Yes that was the 2000 coup plot.  This was the coup linked to Alagie Kanteh, Dumo Sarho and Lalo Jaiteh. I was no longer in the army having resigned in 1997 but I was part of this plot and attended a few meetings. At the time I was a surveillance detective at the American Embassy and always carried a radio or walkie-talkie. A number of times while attending these meetings my walkie-talkie would ring and I would excuse myself to answer it and come back to the meeting. We did not know that there was a spy among us who reported to Jammeh. Initially all the others were arrested except me mainly because I was not a soldier and they could not remember me so I was not among those arrested. However I think Jammeh’s spies infiltrated our security staff at the embassy and one of them must have told the NIA that the walkie-talkie man they were looking for was myself. I was arrested and held for well over a year at the NIA including a spell at the infamous Bambadinka. When I was released on bail the trial of the other plotters had begun and they wanted to use me as a witness. I jumped bail and fled to Senegal and later to Switzerland.

You became a well-known activist in Switzerland. Tell us about your activities.

Well it so happened that Switzerland is an important base for the UN and other bodies interested in human rights matters and Jammeh’s reputation as an oppressor had reached the attention of most rights organisations. So I joined forces with other Gambians across Europe and America to hold protests and demonstrations to draw the attention of the world to Jammeh’s tyranny. I was a member of many human rights associations recognised by the UN together with people like Amadou Scattred Janneh we waged a sustained campaign abroad against Jammeh’s government. I personally had two NIA operatives in my payroll and they often supplied me and my group with sensitive matters central to government intelligence. So I often know about things before they happened and warned possible targets in harm’s way. Jammeh was   a type of a human being who should never have been a leader.

How did you see the change of 2016 and the current political situation?

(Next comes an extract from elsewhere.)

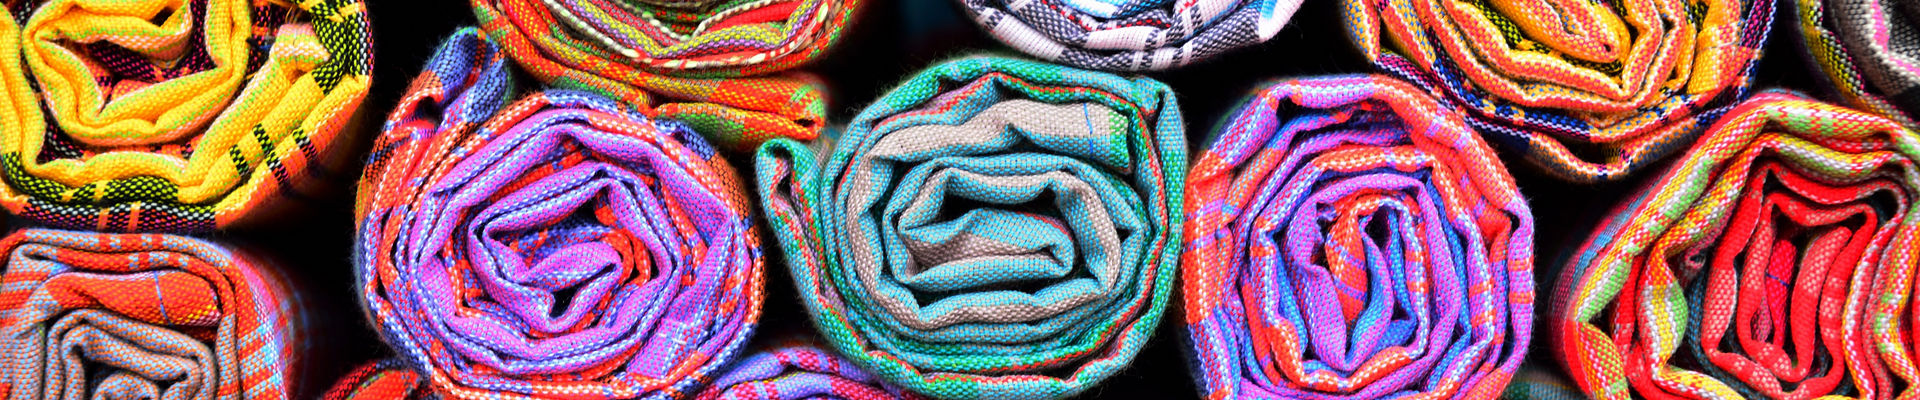 有机硅解决方案为可持续纺织品生产提供色彩鲜亮的织物

Well although I contributed a lot to the 2016 change I wouldn’t want to take credit for it as it was a collective mission. However what is important now is for us to assess what has been achieved or lost. Frankly, there is very little to write home about. Yes we have changed the repressive regime but we have not made use of the opportunities that the change provided both economically and socially. We remain divided today than before. We still do not have motorable roads where they matter or equipped hospitals and there is rampant corruption. The sanitisation of our political scene has not been done because those who should lead it are themselves guilty of the current polarisation. The security reform has not been done as much time is wasted on bureaucracy and lack of political will. Look at what is happening now, crimes are on the increase. What we need is a national security conference that would work towards achieving among other things two practical things: Take out those involved in atrocities and deploy or retire others not needed with full benefits to pick up jobs in private firms. That way no one will be angry and we can march forward as one nation. It is not helpful for President Barrow to be beating his chest to say he killed the lion or that he brought about this and that. It was the Gambian people who created the change and he should focus on the reasons for that change.

Thank you for talking to us Mr Sanyang.